AIM OF THE EXERCISE » Print the listing below only from the line that has "B88096 GS Logolu Sweatshirt" through the line that has "rhinoceros-beetle-1521626_1920", exactly, and drop any picture.

EXTRACTED INFORMATION »
= Beginning of Section =
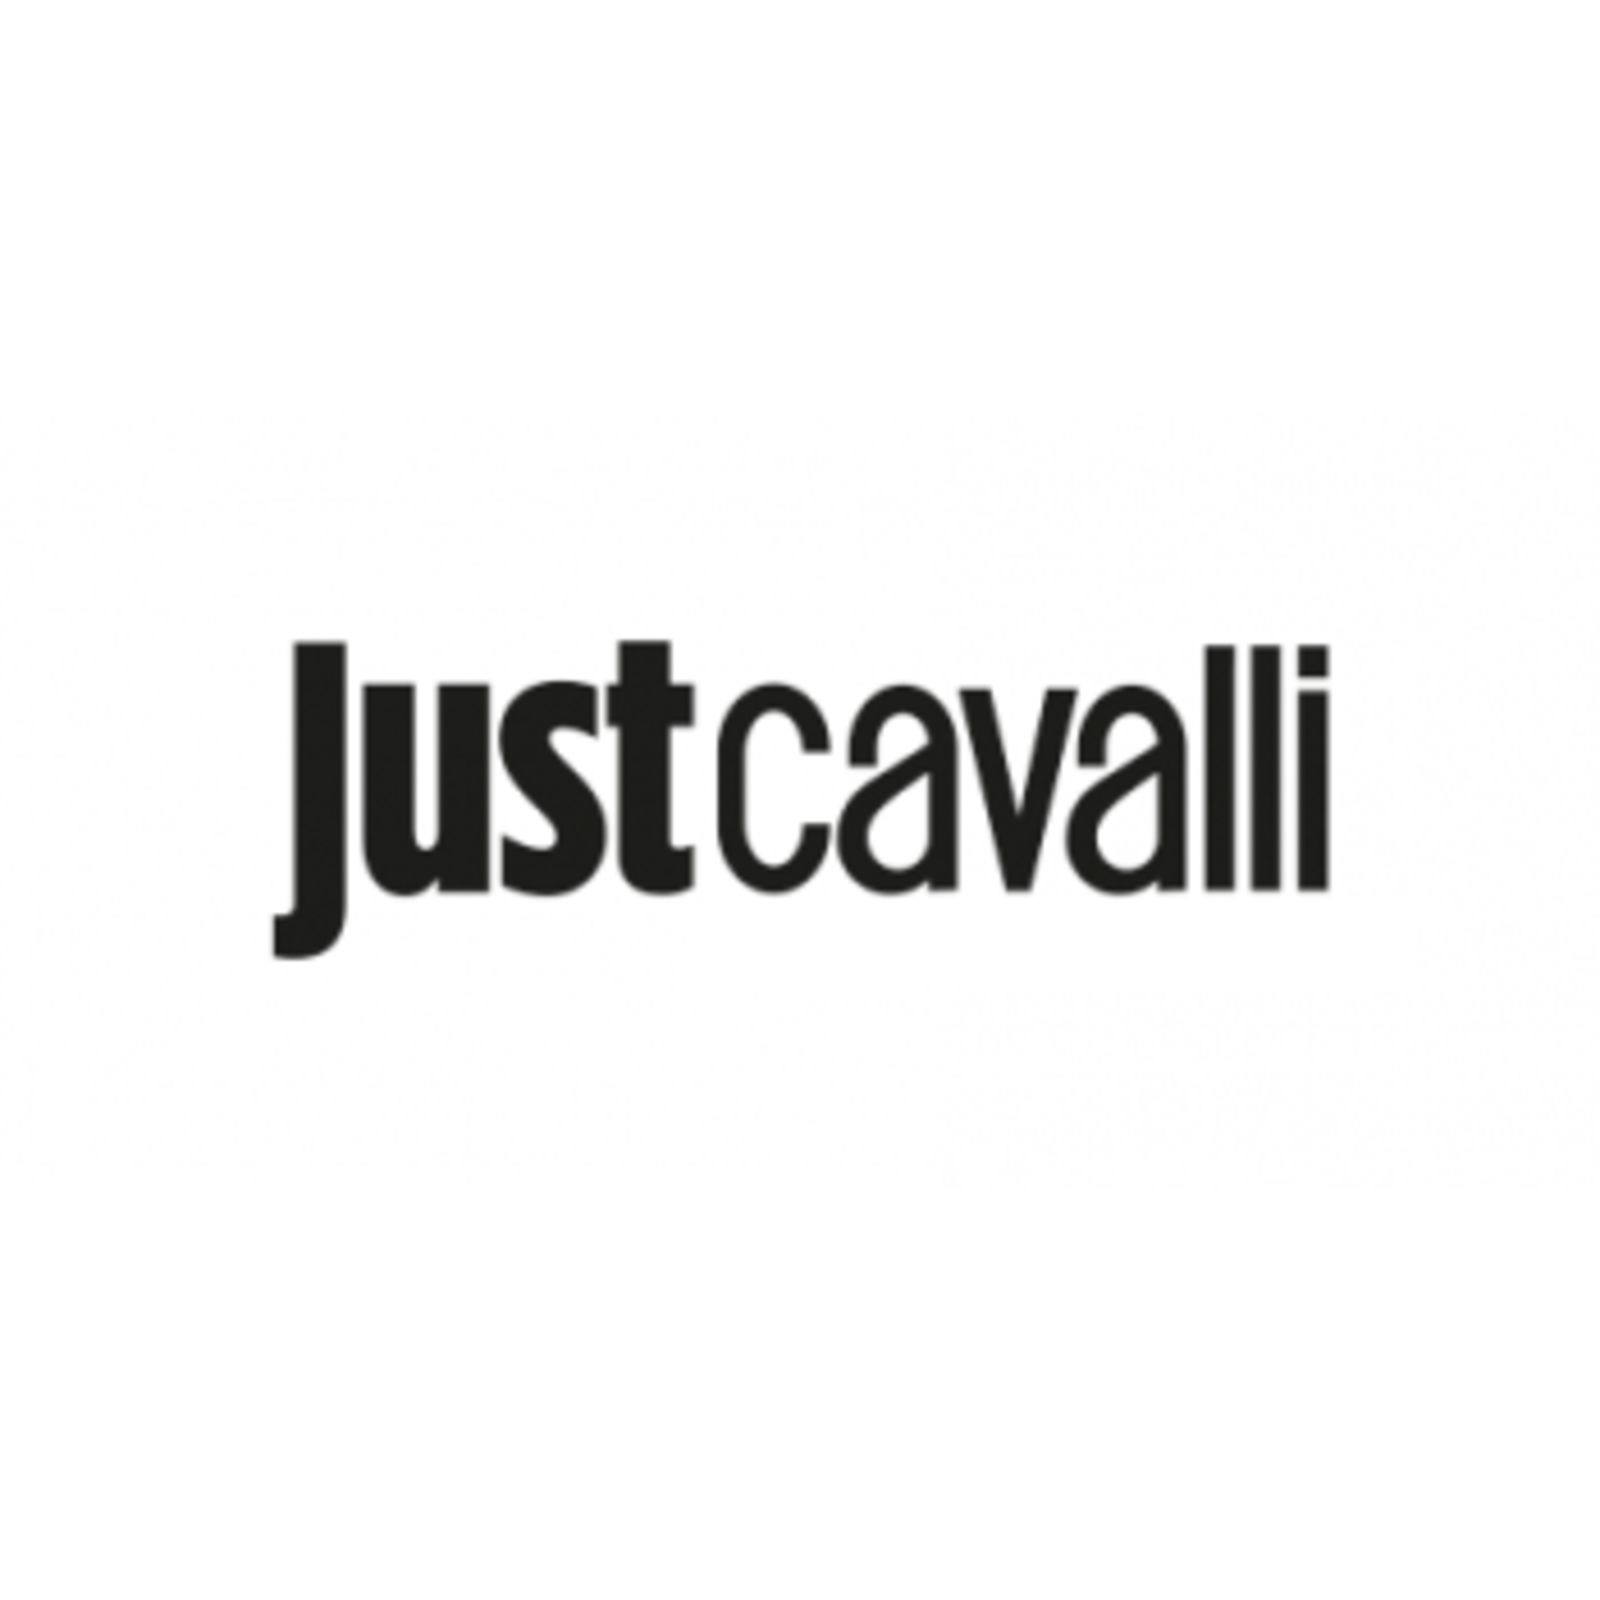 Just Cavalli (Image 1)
= End of Section =
= Beginning of Section =
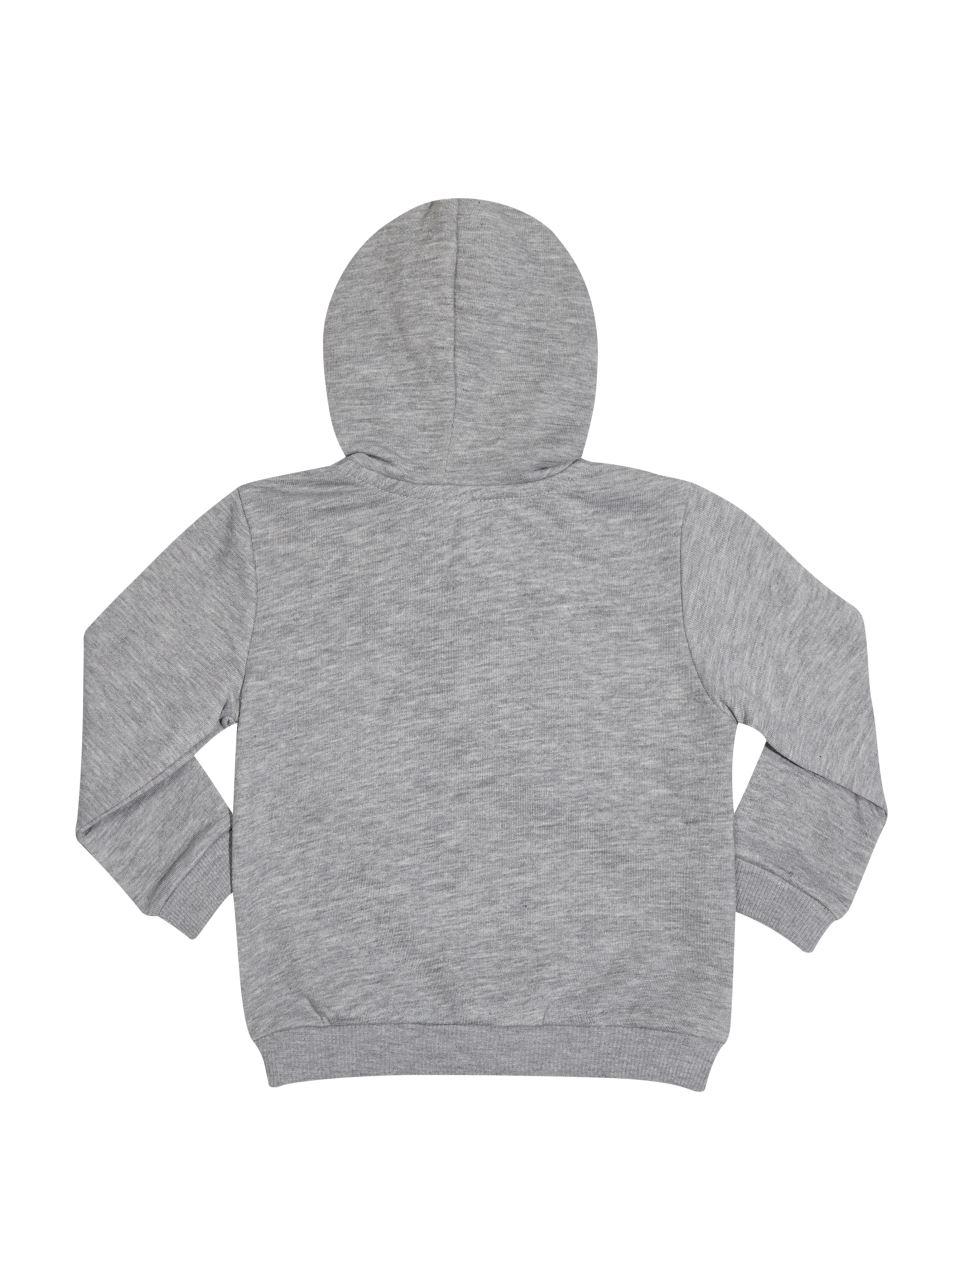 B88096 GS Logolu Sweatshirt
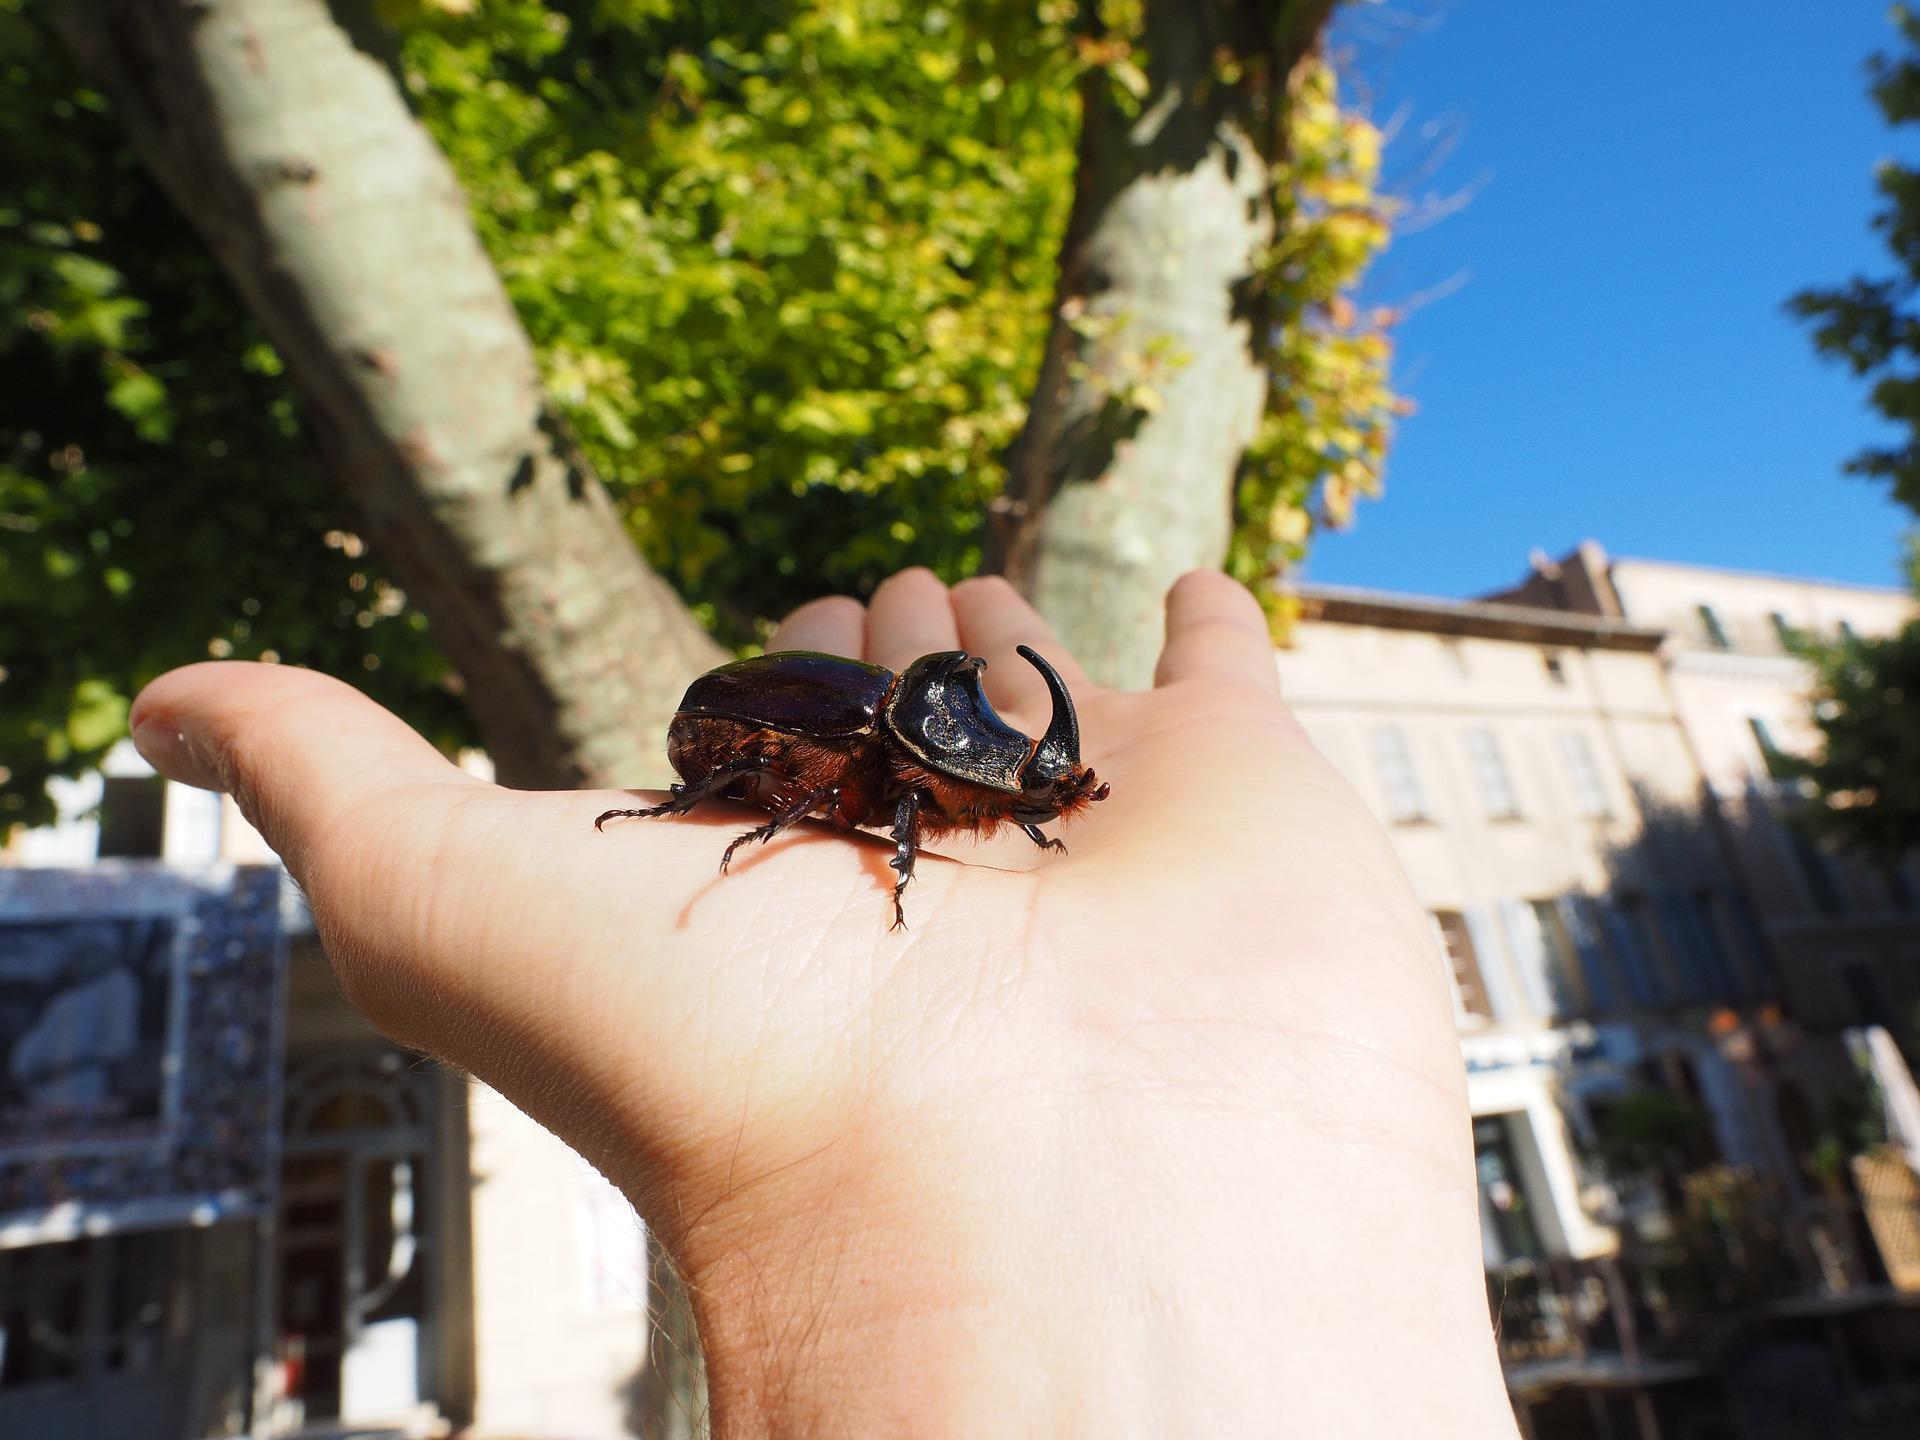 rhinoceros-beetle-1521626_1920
= End of Section =
PROBLEM SOLUTION »
 B88096 GS Logolu Sweatshirt
 rhinoceros-beetle-1521626_1920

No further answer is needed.